The King, whose main preoccupation was preserving military and political tranquility in the Kingdom, finally gave in to the hostility of the royal coterie and caste Hindus against Devasahayam and let them have their way by dismissing him from office and had him arrested and put in a narrow prison on 23 February 1749. The following day he was condemned to death by the King, to be eliminated as "an enemy of the state". Before execution the King again gave a fresh order to take him around through the most important and populous towns of the Kingdom for his ignominy. He was paraded in all the important towns in the Kingdom in a most shameful manner, seated backwards on a buffalo with an Erukku flower garland around his neck, his hands tied behind his back and the executioner holding the end of the rope by which the prisoner was bound in his left hand, and a sharp raised sword in his right hand. This was the ultimate kind of shame and mockery at that time.

When the parade was over, he was then handed over to soldiers for execution. Left under the open sky, he was tied to a neem tree with fetters, hugging the tree with his legs bound in chains so that he could not move, sit or stand or recline. He was exposed to the hot burning sun, heavy rains, very cold wind and sometimes was almost submerged in the slush. He endured these most grievous sufferings for seven months. In the midst of so much suffering, his only sorrow was the delay of death and his only fear was that he might lose the crown of martyrdom. Far from requesting or desiring to be set free from chains, which he did not allow the guards to remove them, and when the guards gave him a chance to escape, he simply refused.

Chained, he led a worthy and exemplary life of virtues, prayer, penance and mortification. Every morn-
ing and evening he took time for contemplation and often during the day, he prayed briefly and read books of piety, especially on the life of the saints. In addition, he fasted every Friday and Saturday (he was martyred in the middle of the night, between both days). He was always obedient to the priests and whenever possible, he confessed his sins and received Holy Communion with the utmost devotion. During imprisonment, only thrice could a priest make his way to him in the dead of night. His lifestyle coupled with the fame of miracles brought him many in great numbers and procured for him such veneration. He proclaimed Christ to all of them. Many who denied faith for fear of execution were persuaded by him to courageously return and repent. There are also many miraculous events because of the Martyr. He was brought to a small place called Puliyoorkurichy where, overcome by thirst, he planted his elbow on a rock, from which spouted water that he drank. This rock continues to give water and even now many people visit this fountain. Because of the prayers of Devasahayam, the jailer and executioner who was without a child for a long time obtained a child during his imprisonment in Peruvilai and became friendly with him.

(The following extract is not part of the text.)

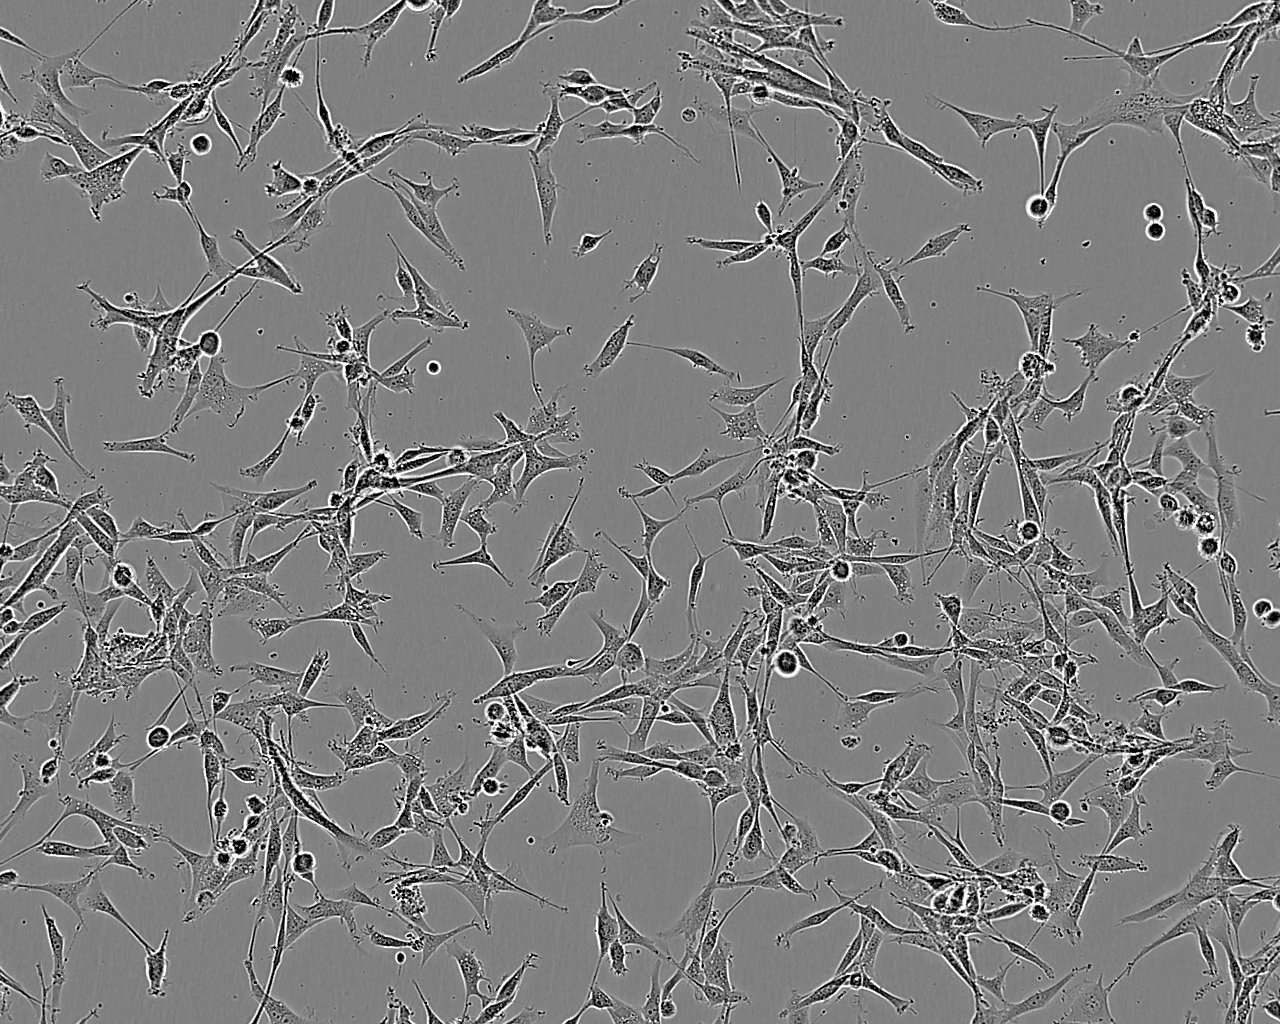 UMR-106 epithelioid cells大鼠骨肉瘤细胞系,UMR-106 epithelioid cells

The efforts of the guards to forbid the crowd from speaking to Devasahayam or from approaching and listening to him were in vain. The soldiers reported this to the King, from whom soon they got the order to secretly execute him. Finally, after three years of gruesome torture, he was taken to a secret prison at Aralvaimozhi, where condemned criminals were sentenced to death by the King. He had to be killed quickly and secretly because the Catholics began visiting the Servant of God in large numbers. The Government officials kept the place and the date of his execution secret for fear of popular unrest. Finally, a little before midnight between 14 and 15 January 1752, he was taken to the place of his execution. As he was lying totally exhausted and unable to walk, he was carried by the soldiers to the nearby hill, kattadimalai. There he knelt and prayed intensely. The marks left by his knees and elbows can be seen even today. There he was shot dead by the soldiers. As five bullets hit him, he uttered for the last time, "Jesus save me". His body was cast away in to the forest to be torn up by the wild animals.

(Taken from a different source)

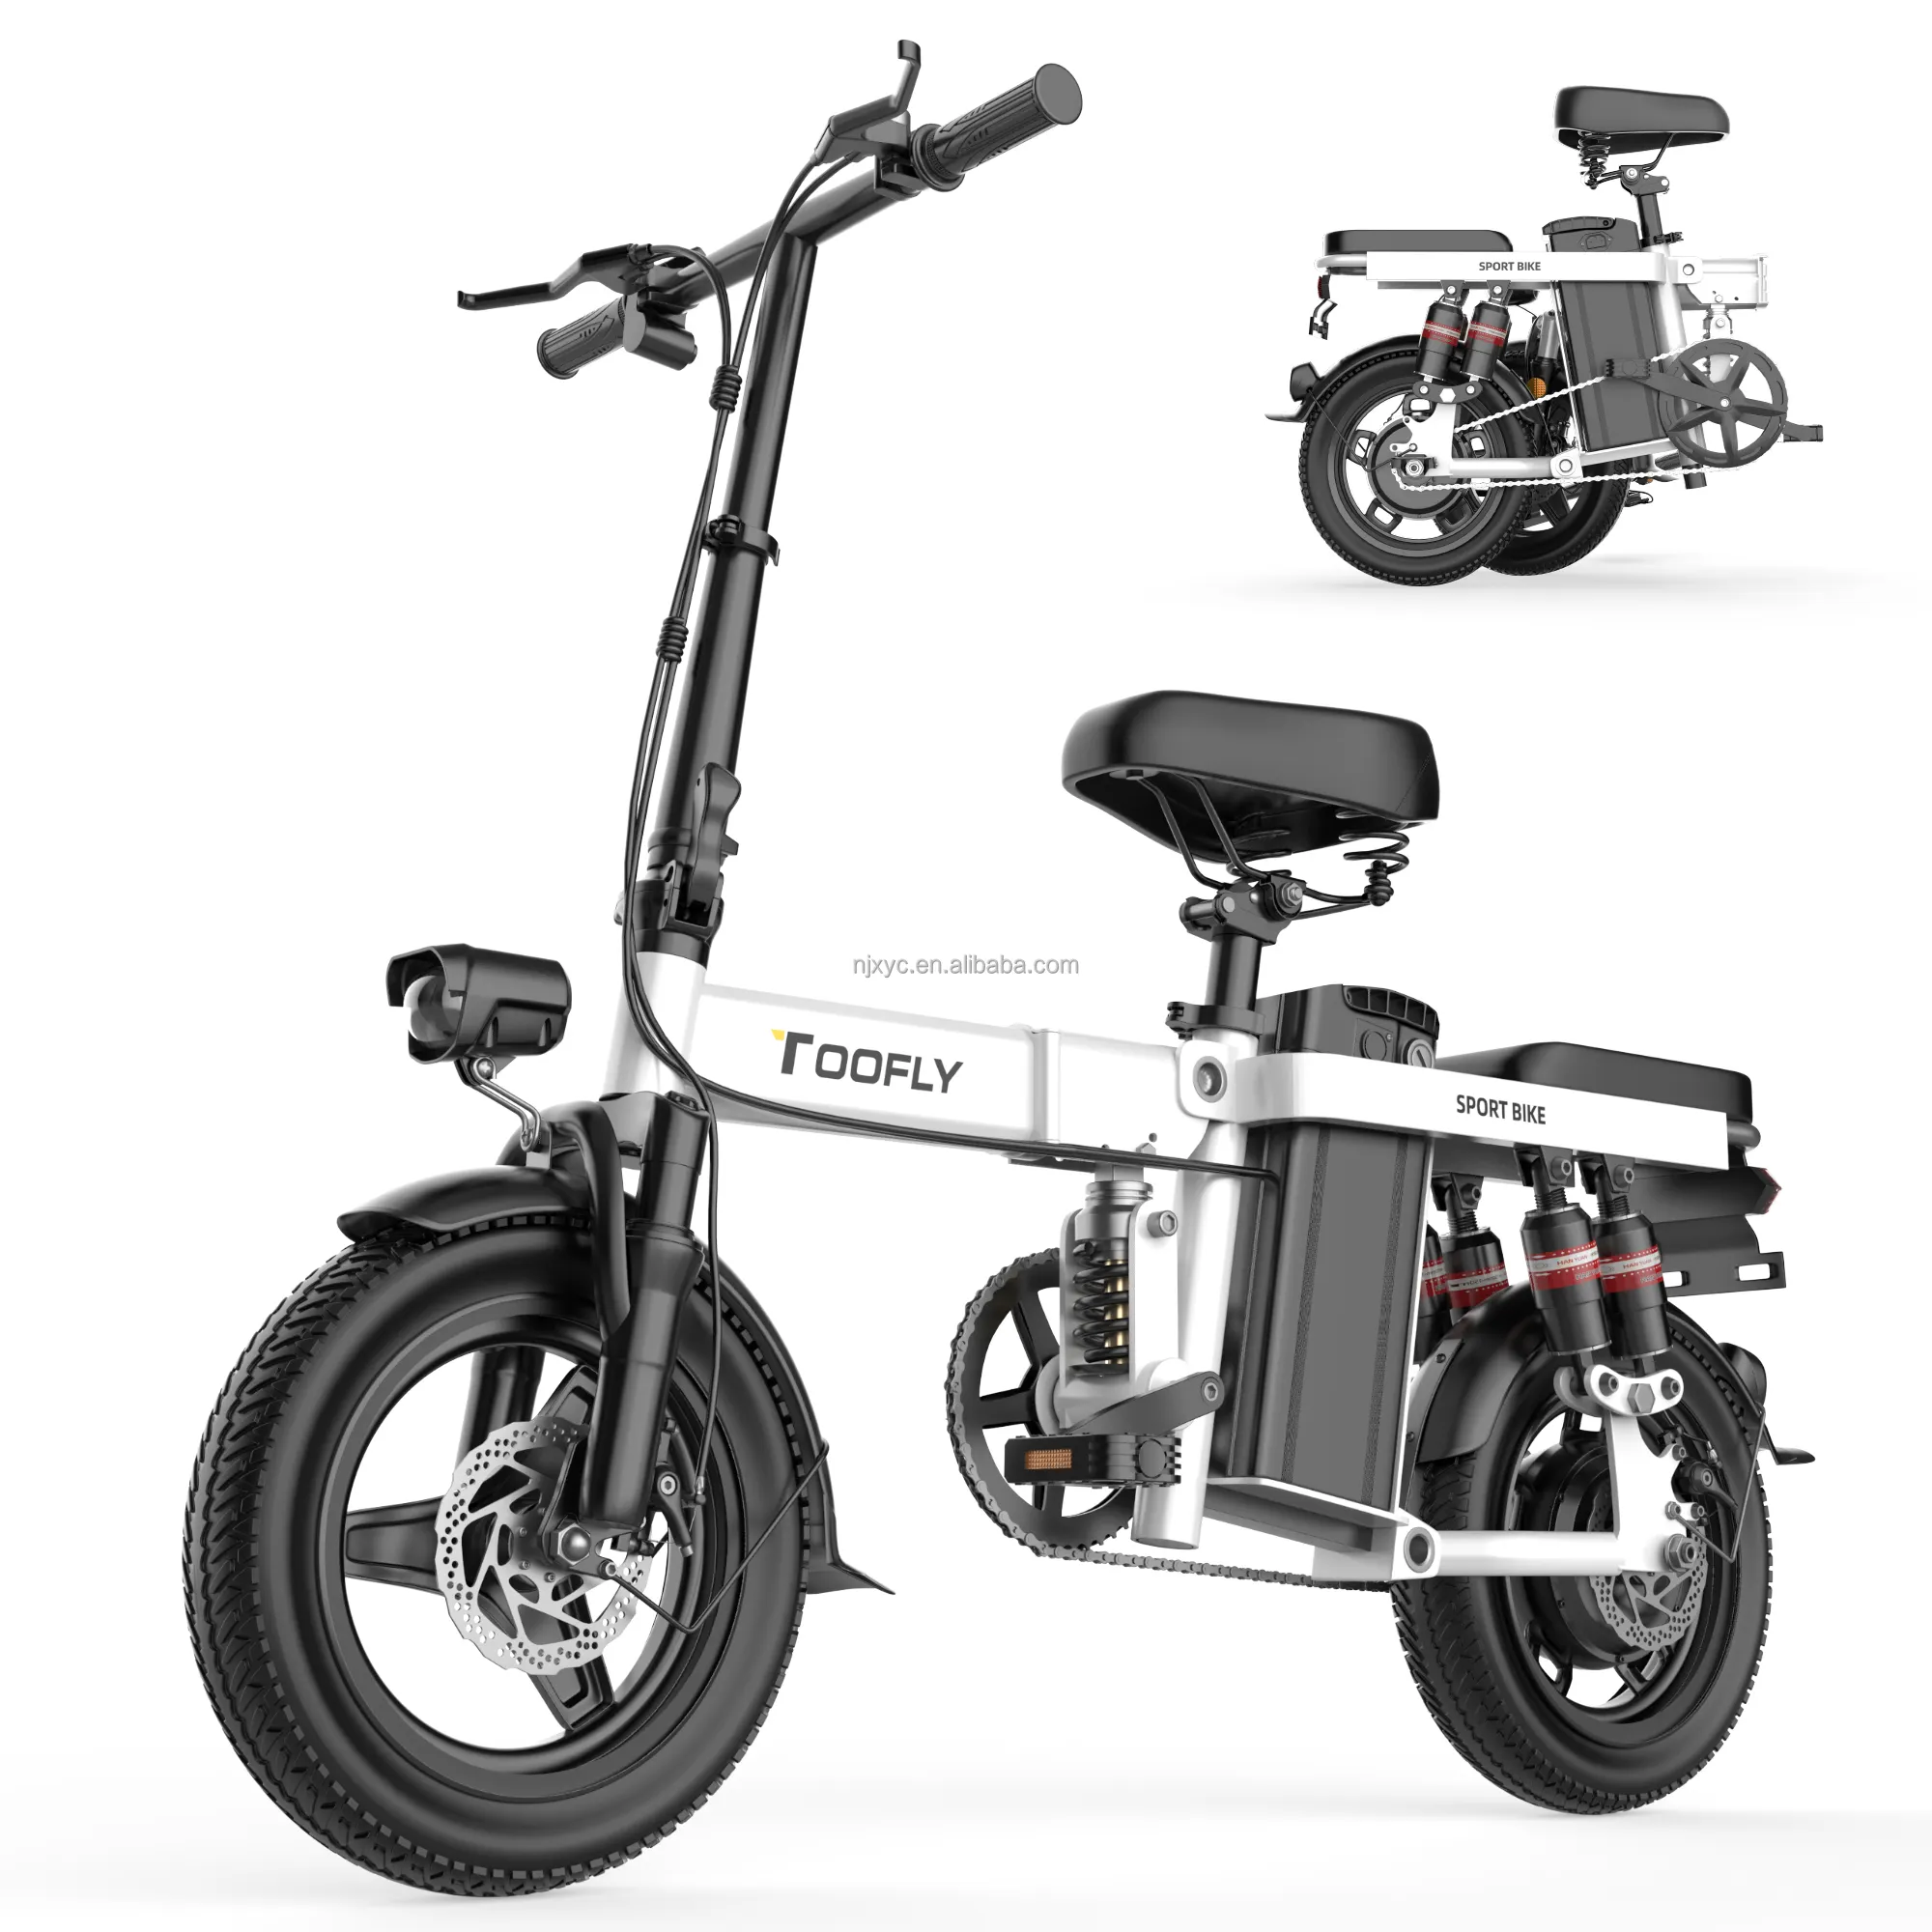 थोक फैट टायर इलेक्ट्रिक बाइक फोल्डिंग इलेक्ट्रिक किड्स बाइक साइकिल वयस्कों के लिए ई-बाइक साइकिल फैट टायर इलेक्ट्रिक साइकिल ई बाइक

He had spent almost three years in fetters. Priests diligently tried in vain to in get hold of his body. At last, on the fifth day his bones were found shorn of flesh. His tongue was lying apart, incorrupt. They were gathered diligently and buried in front of the main altar of the famous church of St Francis Xavier, the present day Cathedral of the Diocese of Kottar. When the Bishop of the diocese heard of the heroic death of the Servant of God, he decreed that the Te Deum be sung in all churches in gratitude to God for "the palm of martyrdom" obtained by Devasahayam Pillai.

Soon after his death, the places connected to his life and death became important places of pilgrimage by all people. Many interior villages of the present district of Kanyakumari witnessed mass conversions to Catholic faith following his death, just as the mission work of St Francis Xavier was the main cause of conversions of the people along the coast. The name "Devasahayam" became one of the popular names for Catholics and non-Catholic Christians in the region. Following his martyrdom, he became a living legend and a venerated hero for the people of the region of Tamilnadu, Kerala, Sri Lanka and even beyond. Several narrations, poetry, folklore, stories and dramas were attributed to him depicting his heroic life and martyrdom.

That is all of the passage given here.